**DATA SHOWN**
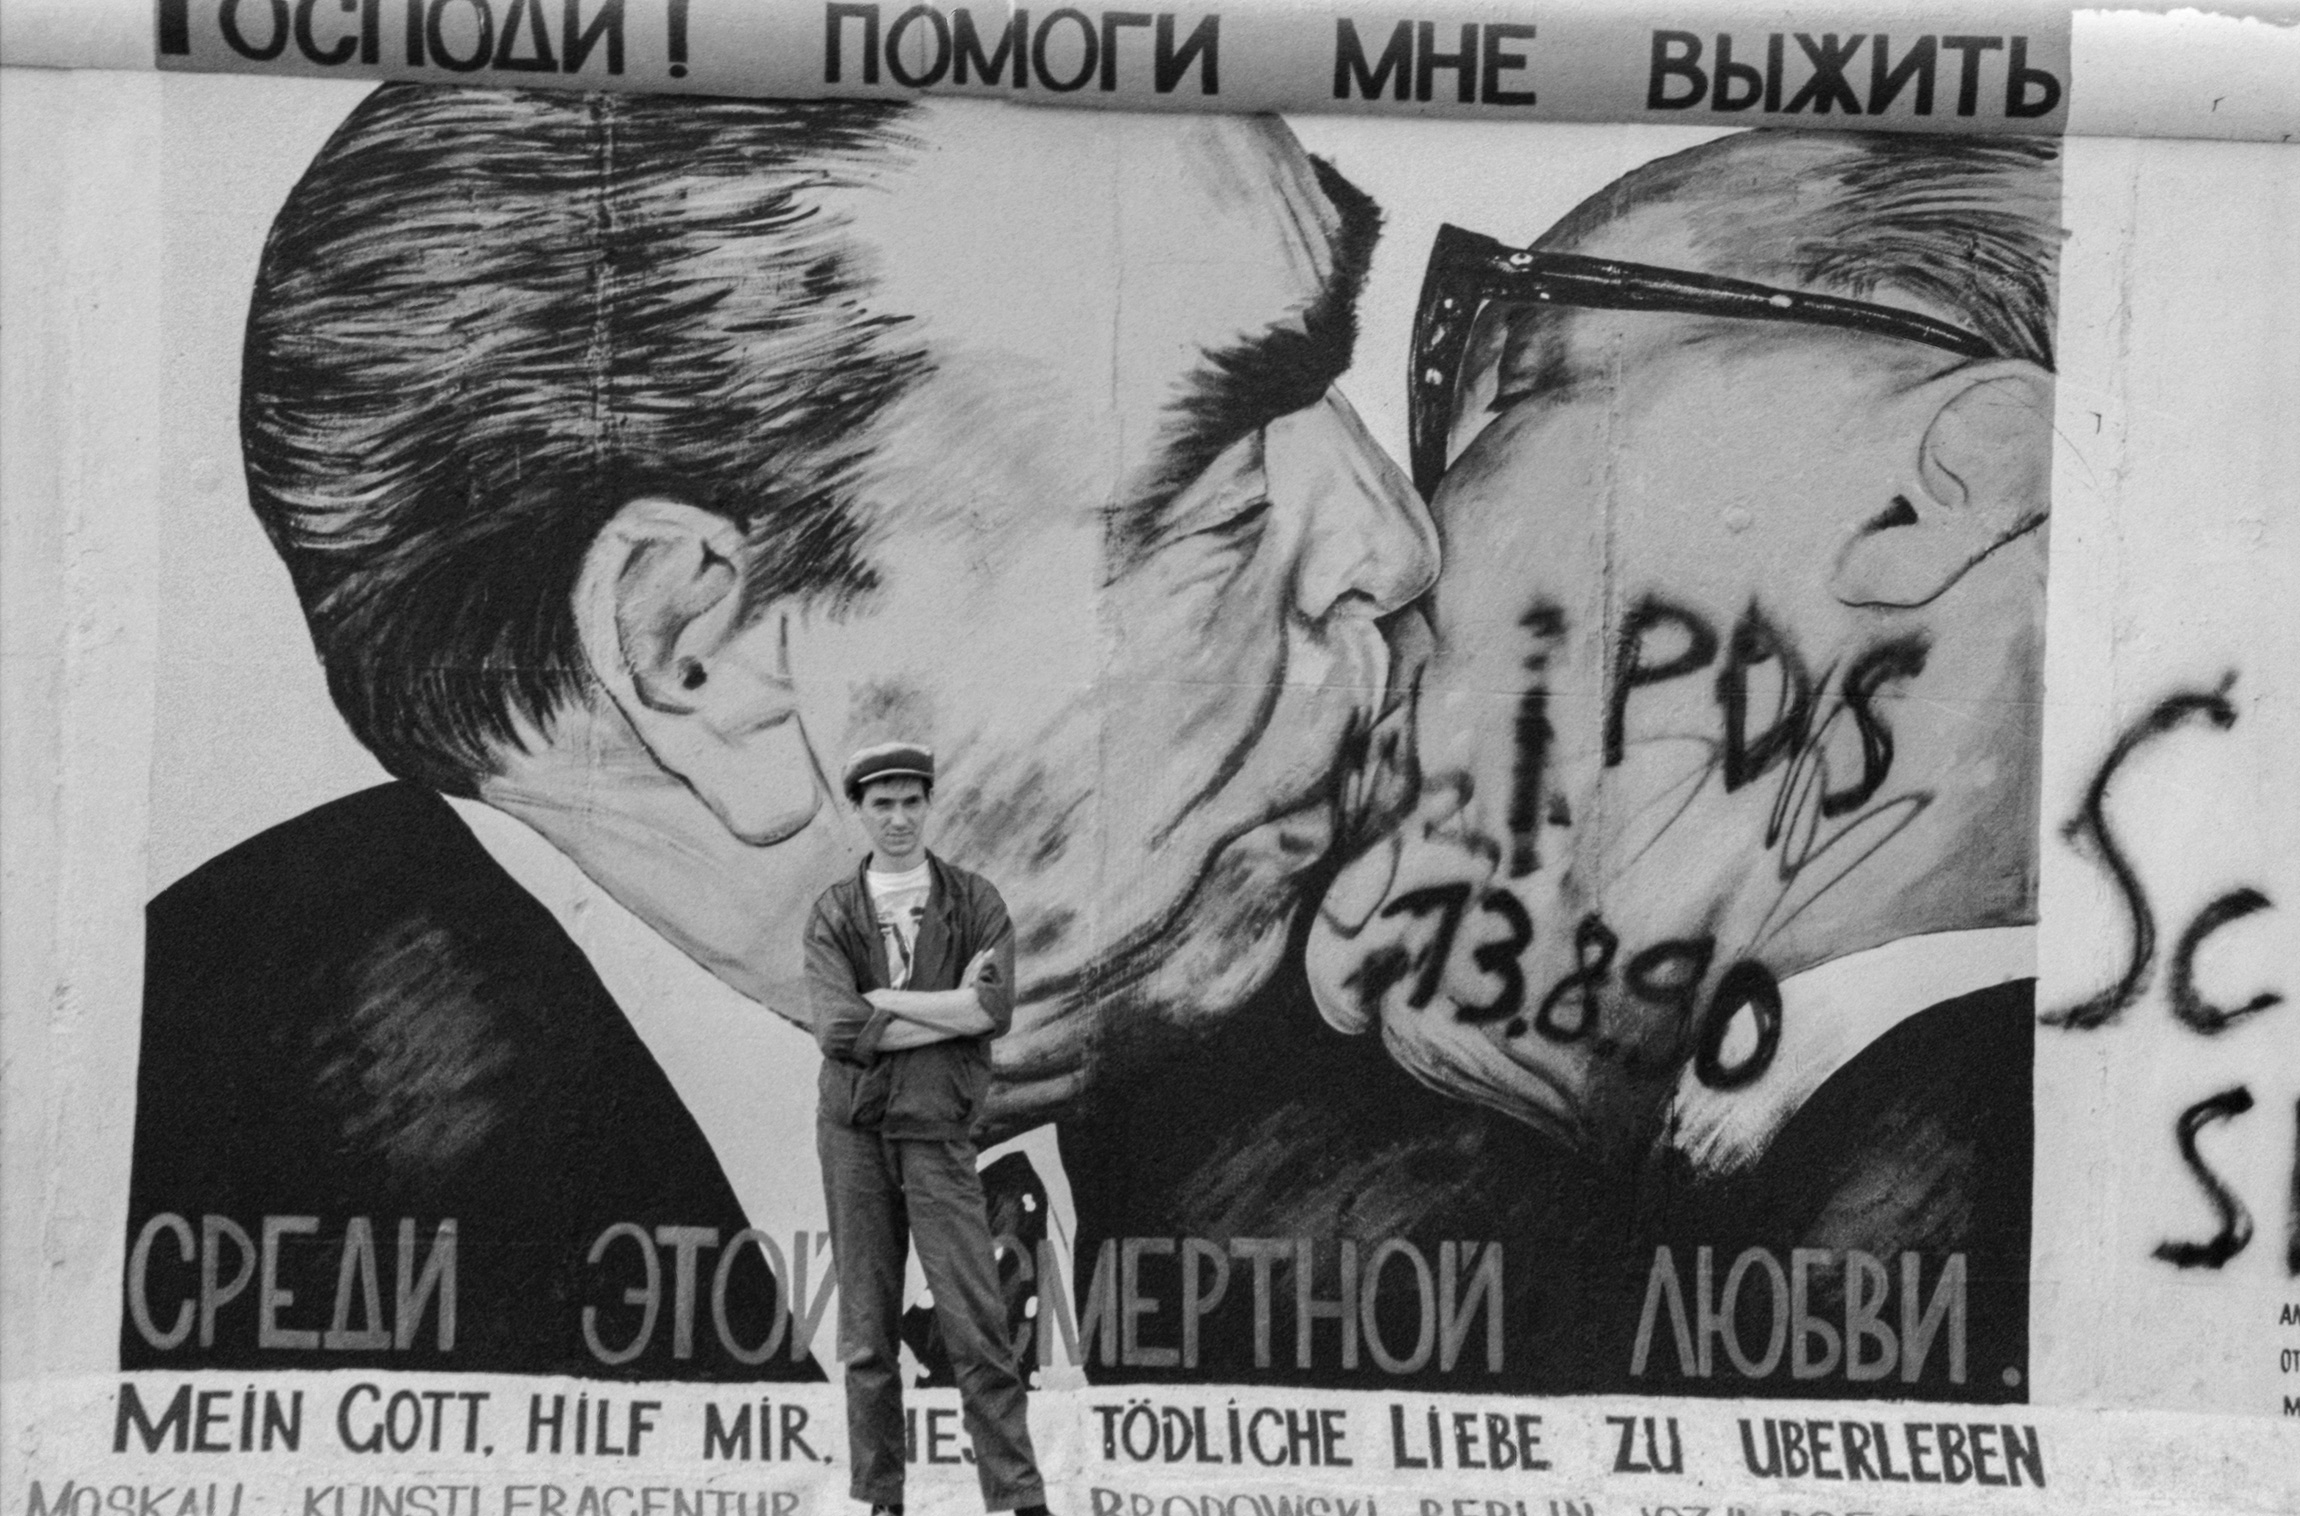 На фото: Дмитрий Врубель у своего граффити во время выставки советских художников-авангардистов на восточной стороне Берлинской стены, август 1990 года

Дмитрий Врубель родился в Москве. Его дед по отцовской линии был внучатым племянником художника Михаила Врубеля. Свою первую картину &laquo;Суд Пилата&raquo; Дмитрий написал в 15 лет. В 1979 году поступил в МГПИ, в 1983-м стал членом Союза художников. В 1990-м переехал в Германию, где на Берлинской стене написал самую известную свою работу &laquo;Братский поцелуй&raquo;, изображающую поцелуй генсека СССР Леонида Брежнева и лидера ГДР Эрика Хонеккера.

Художник умер 14 августа из-за осложнений после перенесенного коронавируса. Ему было 62 года.

Читать больше

**WHAT YOU NEED TO DO**
Reproduce the listing verbatim, and keep the pictures out of the copy.

**SOLUTION TO THE EXERCISE**
 На фото: Дмитрий Врубель у своего граффити во время выставки советских художников-авангардистов на восточной стороне Берлинской стены, август 1990 года

Дмитрий Врубель родился в Москве. Его дед по отцовской линии был внучатым племянником художника Михаила Врубеля. Свою первую картину &laquo;Суд Пилата&raquo; Дмитрий написал в 15 лет. В 1979 году поступил в МГПИ, в 1983-м стал членом Союза художников. В 1990-м переехал в Германию, где на Берлинской стене написал самую известную свою работу &laquo;Братский поцелуй&raquo;, изображающую поцелуй генсека СССР Леонида Брежнева и лидера ГДР Эрика Хонеккера.

Художник умер 14 августа из-за осложнений после перенесенного коронавируса. Ему было 62 года.

Читать больше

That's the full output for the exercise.